Other good books: Slide Rule Neville Shute, Alone across the Tasman Sea - Francis Chichester, plus any of those listed below (with an unashamedly historical eye):

Adventure with Fate, Harald Penrose, Airlife (1984)
British Aircraft Before The Great War, Michael H. Goodall, Albert E. Tagg (Schiffer Publishing Ltd, 2001)
British Light Aeroplanes – Their Evolution, Development and Perfection 1920 – 1940, Arthur W.J.G. Ord-Hume (GMS Enterprises, 2000)
First Through the Clouds, F. Warren Merriam (B.T. Batsford Ltd, 1954)
The Flight of the Mew Gull, Alex Henshaw (John Murray, 1980)
The Forgotten Pilots, Lettice Curtis (Nelson Saunders, third edition, 1985)
Sigh for a Merlin, Alex Henshaw, Crécy Publishing, 1999 reprint
Spitfire - A Test Pilot’s Story, J.K. Quill (John Murray, 1983)
The Story of the British Light Aeroplane, Terence Boughton (John Murray, 1963)
Ultralights - The Early British Classics, Richard Riding (Patrick Stephens Ltd, 1987)
Jet Jockeys: Flying the RAF's First Jet Fighters by Peter Caygill
Thud Ridge and Going Downtown by COL Jack Broughton Best books on fixed wings in the Vietnam War

Chickenhawk By Robert Mason Best book on Army helicopter combat in the Vietnam war. Avoid the sequel

Seawolves by Daniel E. Kelley Cover a part of the use of helicopters in that war that not that many people know about.

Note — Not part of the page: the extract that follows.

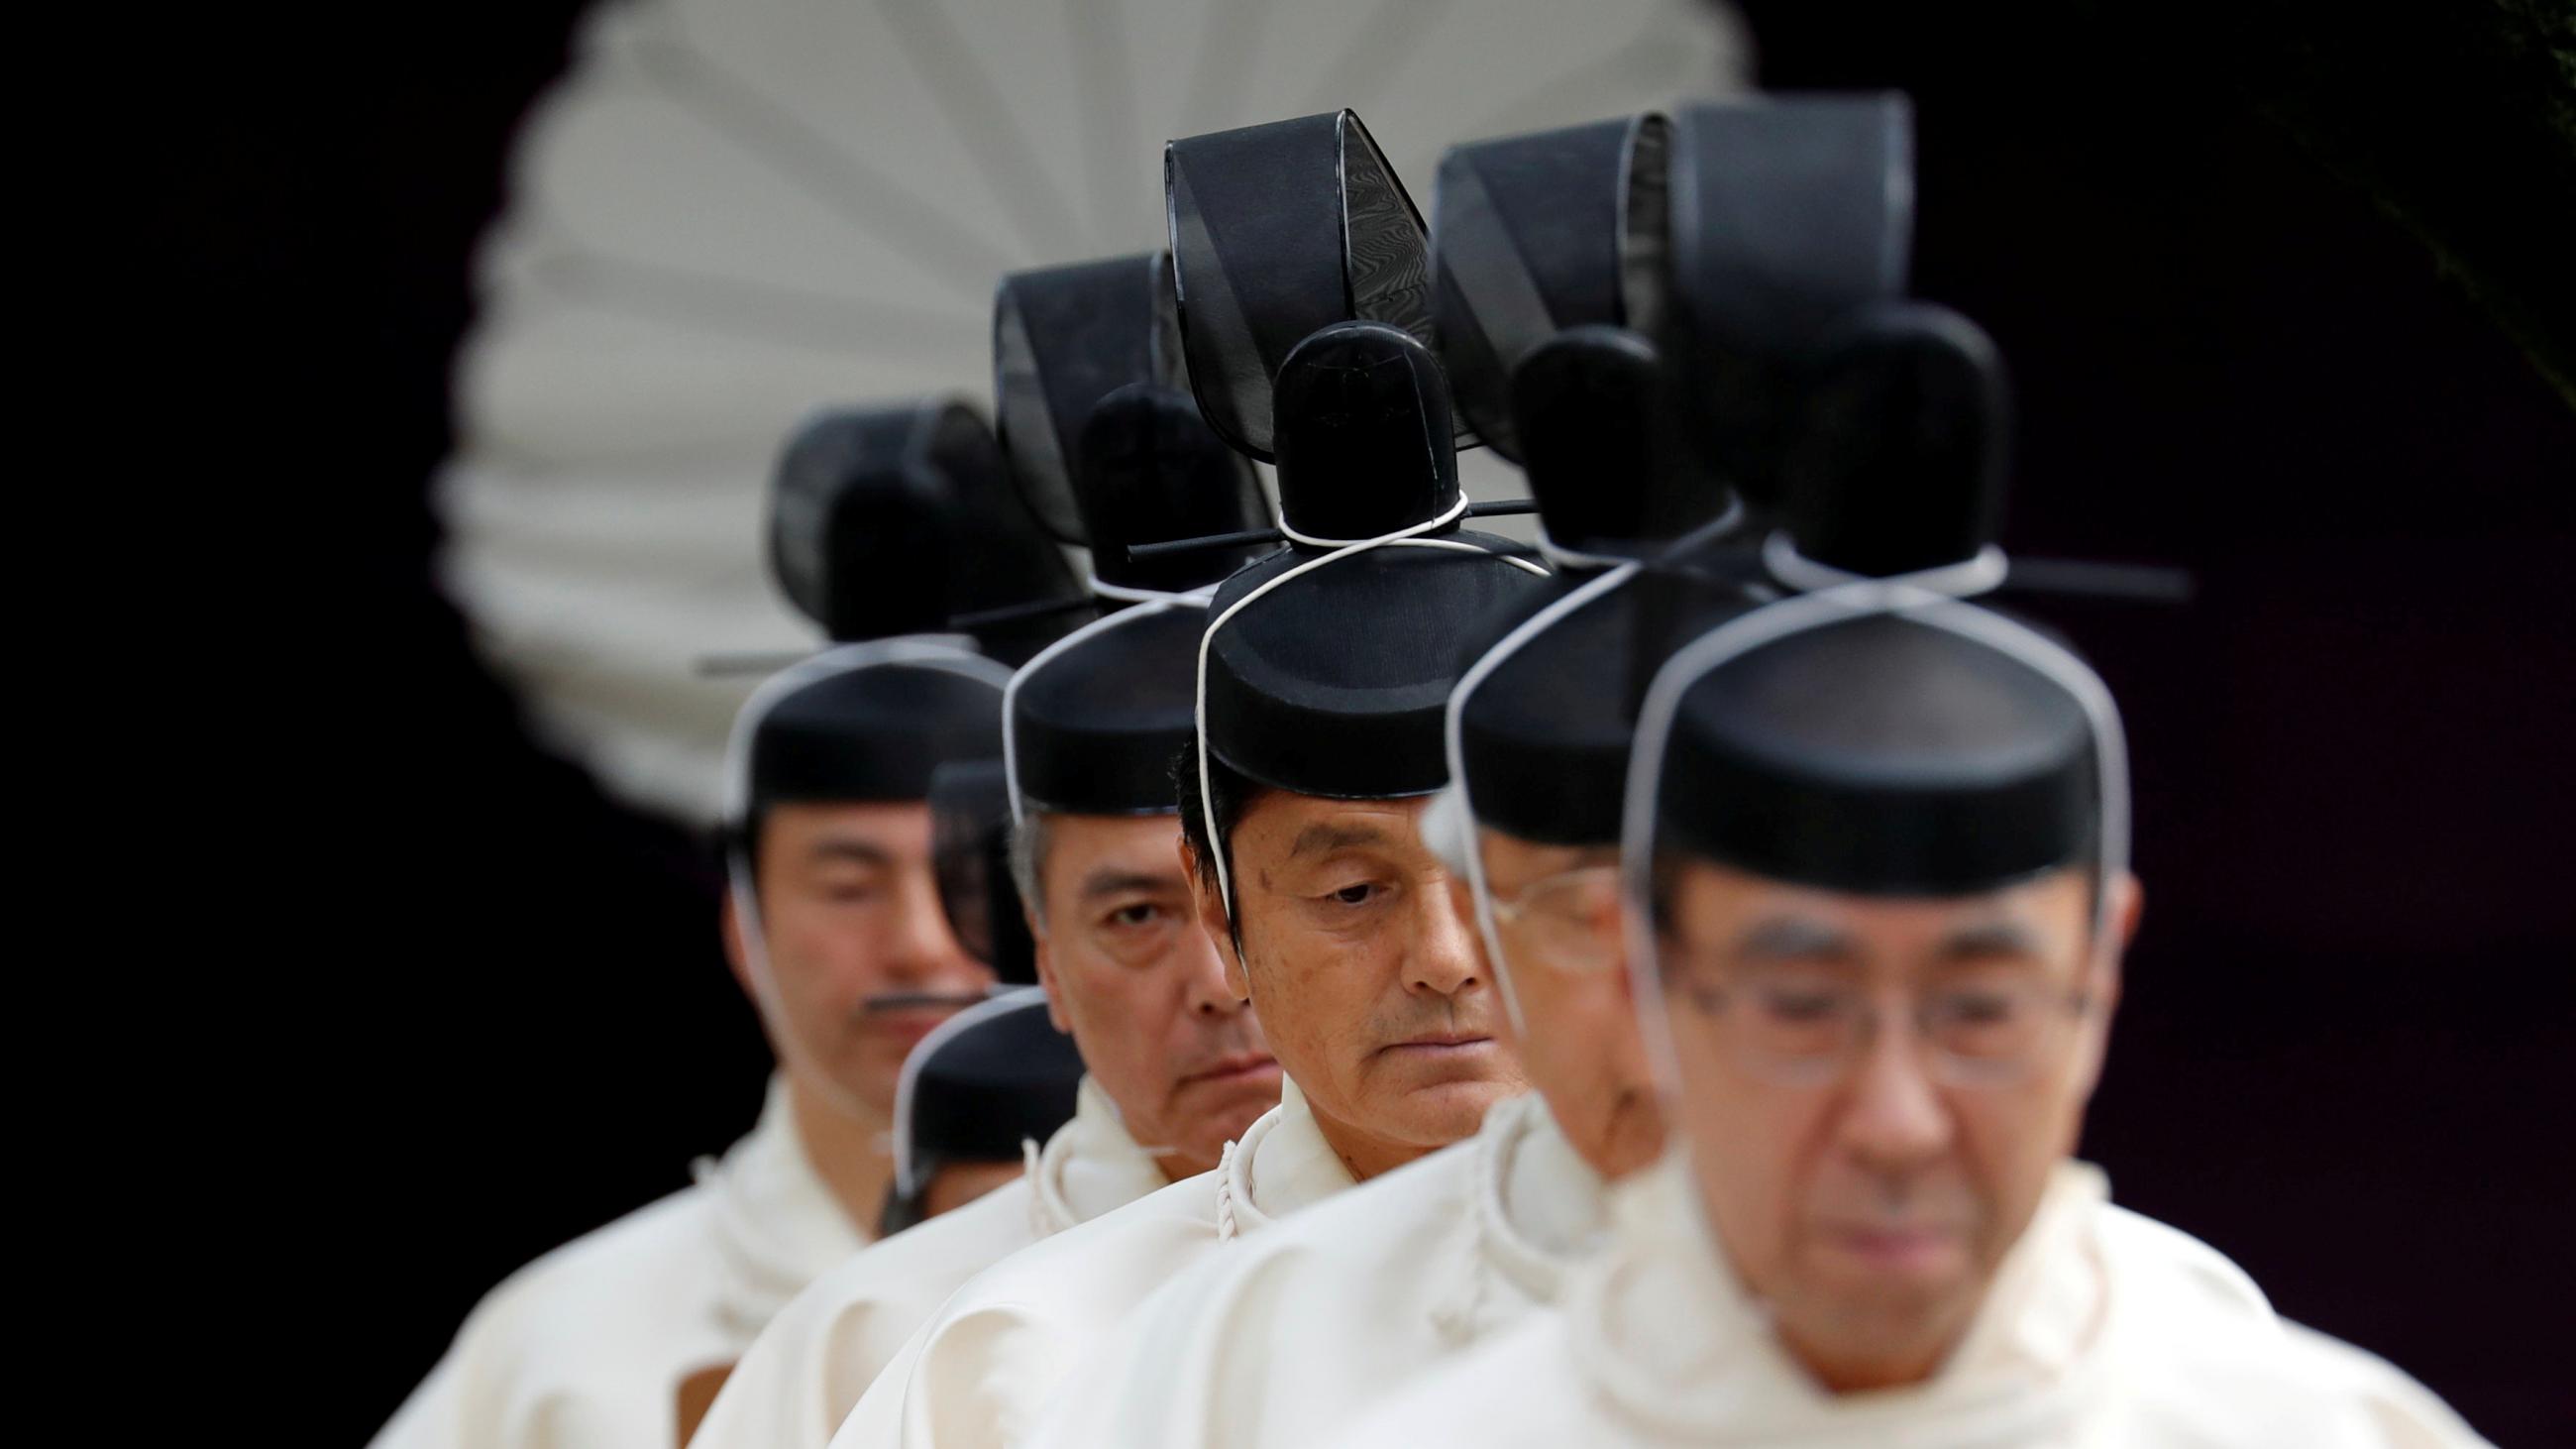 Japanese Shinto priests attend a ritual during an autumn festival at Yasukuni Shrine in Tokyo, Japan October 17, 2017. Formerly a harvest festival, Japan's Labor Thanksgiving Day is celebrated to honor labor, production, and for citizens to give each other thanks.

The above are all aviation combat memoirs.

Tomcat; Crusader; Feet Wet; Vulture's Row by RADM Paul T. Gillcrist

anything by Jay Miller

any SR-71 book by Paul Crickmore

any SR-71 book by COL Richard Graham

Strike from the Sea and US Naval Air Superiority by Tommy Thomason

Any aviation book by Richard Bach

Any aviation book by Antoine de Saint-Exupery

Fate is the Hunter by Ernest K. Gann

Addition (because I forgot to put it in before)

Apache by Ed Macy. As far as I know, the only detailed book about how the Apache helicopter is used day to day as opposed to a technical treatise on how it works or a "Gee Whiz" Popular Science type of description. It's written by a British pilot who flew it in Afghanistan and really gets into the "meat" of how this aircraft flies and is operated. Although he flew the Apache Mk1, which is arguably superior to other models of the Apache, what he writes comes straight across to other users. There are a number of surprises in there that have relevance elsewhere as well.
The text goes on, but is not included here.